Presiden Prabowo Subianto menyalami Menteri Keuangan Purbaya Yudhi Sadewa sebelum memberikan taklimat dalam Sidang Kabinet Paripurna di Istana Negara, Jakarta, Senin (20/7/2026). ANTARA/HO-BPMI Sekretariat Presiden.
JAKARTA, ARAHKITA.COM – Presiden Prabowo Subianto mengajak seluruh jajaran pemerintah untuk tidak mudah goyah oleh penilaian lembaga rating internasional. Menurutnya, Indonesia harus lebih percaya pada kekuatan ekonomi sendiri daripada terlalu bergantung pada penilaian pihak luar. Sikap optimistis itu disampaikan Prabowo saat memberikan taklimat dalam Sidang Kabinet Paripurna di Istana Negara, Jakarta, Senin (20/7/2026). Ia menegaskan bahwa fondasi ekonomi nasional tetap kuat dan menjadi modal utama menghadapi dinamika global.
Dalam arahannya, Prabowo mengungkapkan bahwa sempat muncul kekhawatiran setelah pemerintah meluncurkan sejumlah kebijakan strategis, termasuk penataan ekspor beberapa komoditas melalui satu pintu di bawah PT Danantara Sumberdaya Indonesia (DSI).
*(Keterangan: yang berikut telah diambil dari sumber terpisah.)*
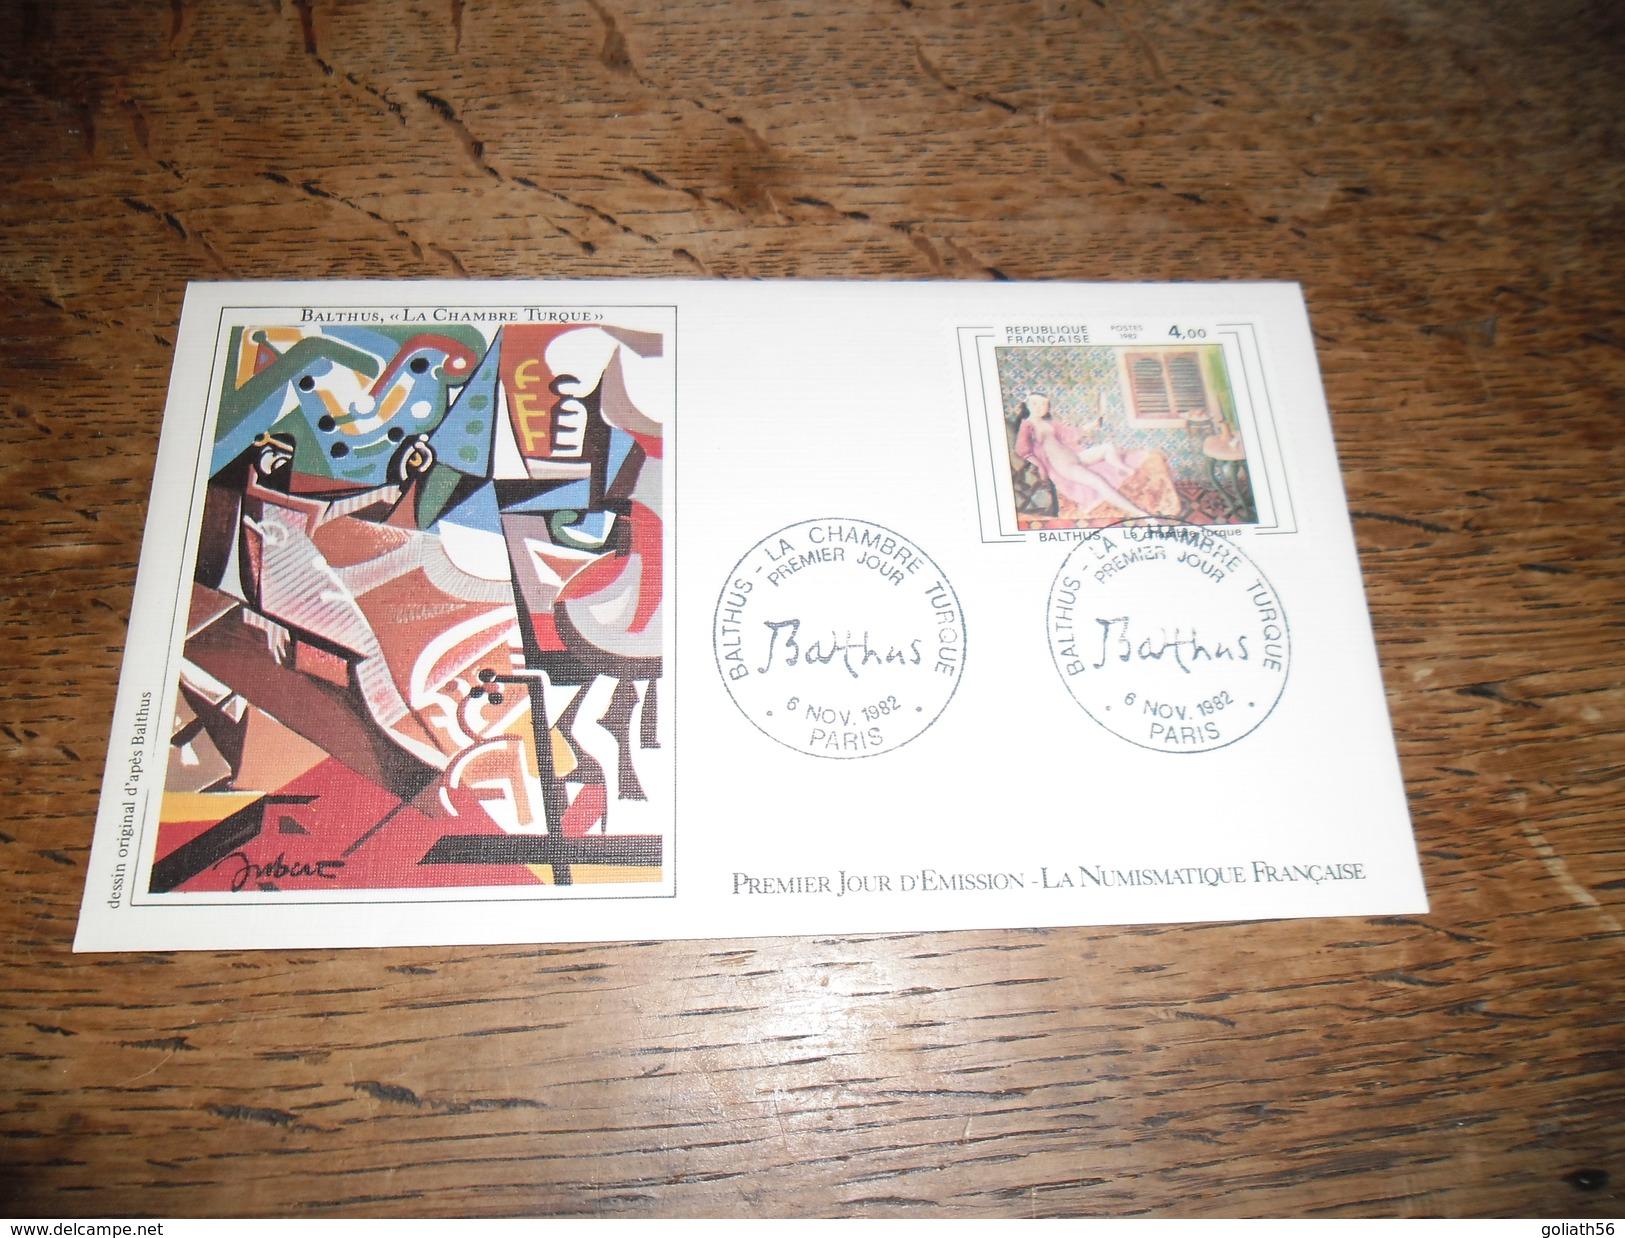 Enveloppe Premier Jour D'émission, Balthus La Chambre Turque, 6 Novembre 1982, Dessin Original D'après Balthus - Other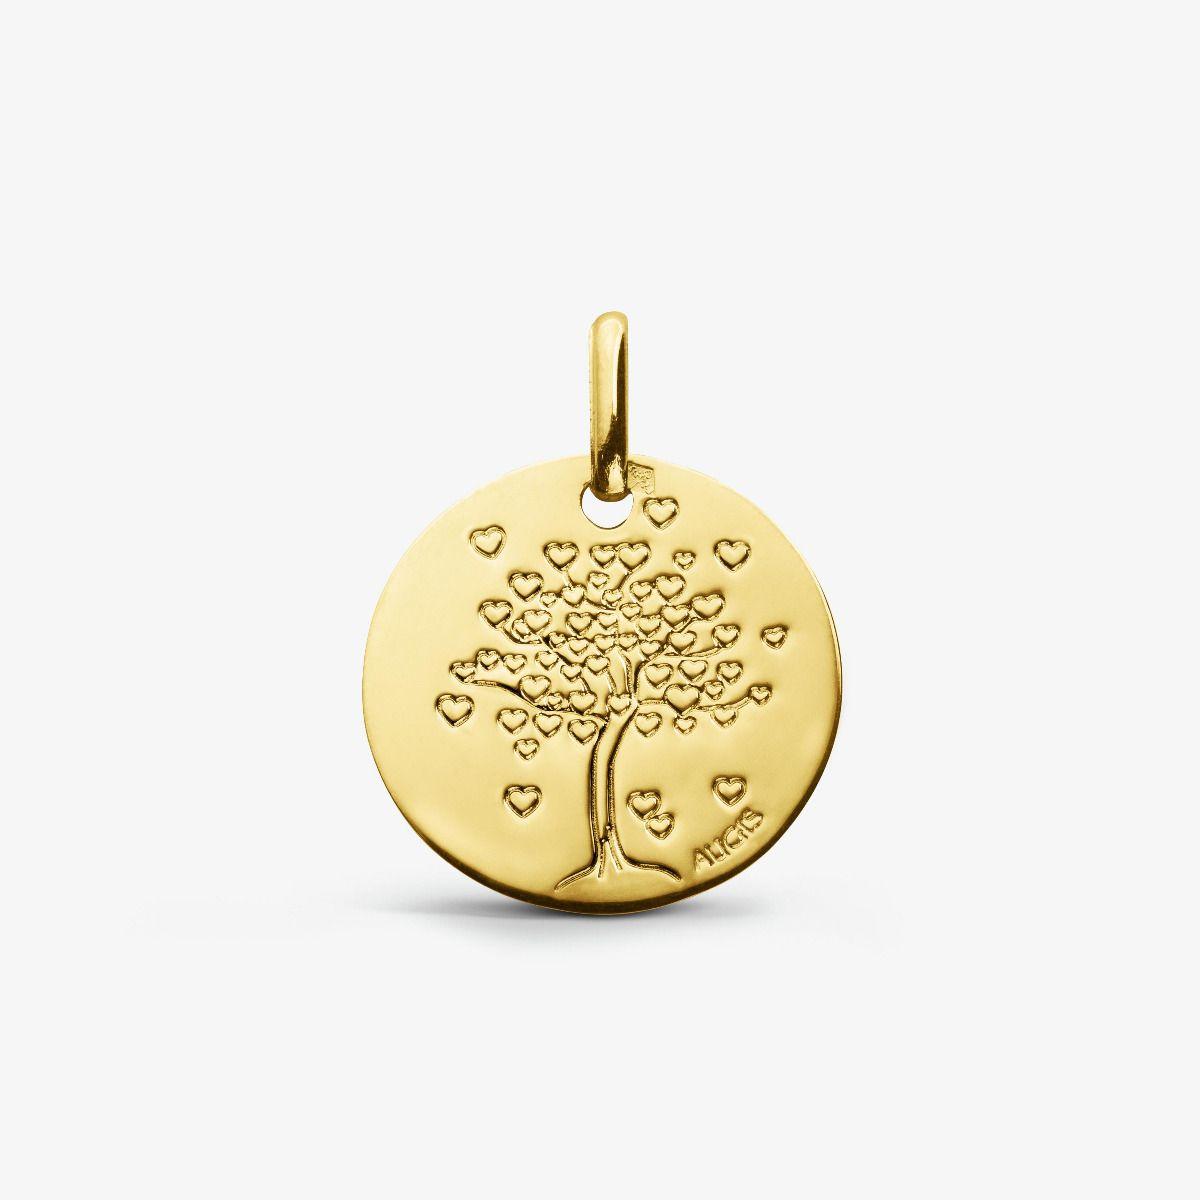 Médaille de baptême Arbre de Vie avec cœurs en or jaune 18 carats 16mm

Menurut Presiden, ada anggapan bahwa kebijakan tersebut akan memicu penurunan peringkat investasi Indonesia sehingga membuat investor enggan menanamkan modal.
"Tadinya kita ditakut-takuti, ada global rating agency yang katanya akan memberi rapor jelek untuk Indonesia. Sudah-sudah, bukan kita takut," kata Prabowo.
Namun, kondisi yang terjadi justru berbeda. Prabowo menyebut salah satu lembaga pemeringkat internasional, Standard & Poor's (S&P), tetap mempertahankan prospek ekonomi Indonesia pada level stable dengan status investment grade.
Bahkan, menurut Presiden, S&P menilai kebijakan pemerintah tersebut berpotensi meningkatkan penerimaan negara di masa mendatang.
"Kita tetap outlook stable, kita tetap punya rating investment grade," ujar Prabowo.
Percaya pada Fundamental Ekonomi Indonesia
Meski mengakui penilaian lembaga rating memiliki arti penting bagi dunia investasi, Prabowo menegaskan Indonesia tidak boleh kehilangan rasa percaya diri.
Ia menilai ukuran utama kekuatan bangsa bukan semata-mata berasal dari penilaian lembaga internasional, melainkan dari fundamental ekonomi yang dimiliki Indonesia sendiri.
"Bukan kita selalu harus puas dengan rating bangsa lain. Kita harus percaya kepada kekuatan kita sendiri. Kita percaya kepada fundamental kita sendiri," tegas Presiden dikutip Antara.
S&P Bertahan, Moody's dan Fitch Lebih Hati-hati
Dalam beberapa bulan terakhir, tiga lembaga pemeringkat utama dunia telah mengeluarkan penilaian terhadap prospek ekonomi Indonesia, yakni Moody's Ratings, Fitch Ratings, dan S&P Global Ratings.
Di antara ketiganya, S&P mempertahankan outlook stabil dengan peringkat BBB/A-2. Penilaian tersebut didasarkan pada membaiknya penerimaan negara dan prospek ekspor Indonesia yang dinilai semakin positif.
Fokus Pemerintah Tetap pada Kebutuhan Dasar Rakyat
Bagi Prabowo, pemerintah tidak akan kehilangan fokus hanya karena dinamika penilaian lembaga rating global.
Ia menegaskan prioritas utama pemerintah tetap berada pada sektor-sektor yang langsung menyentuh kehidupan masyarakat, yakni ketahanan pangan, energi, dan pengelolaan sumber daya air.
Menurutnya, Indonesia memiliki modal besar untuk menjadi negara yang mandiri bahkan berpeluang menjadi salah satu lumbung pangan dunia apabila potensi tersebut dikelola dengan baik.
"Apapun yang terjadi, sekarang pangan kita aman, energi cukup kuat, air kita berlimpah. Tinggal bagaimana kita mengelolanya. Saya percaya Indonesia akan menjadi lumbung pangan dunia," kata Prabowo.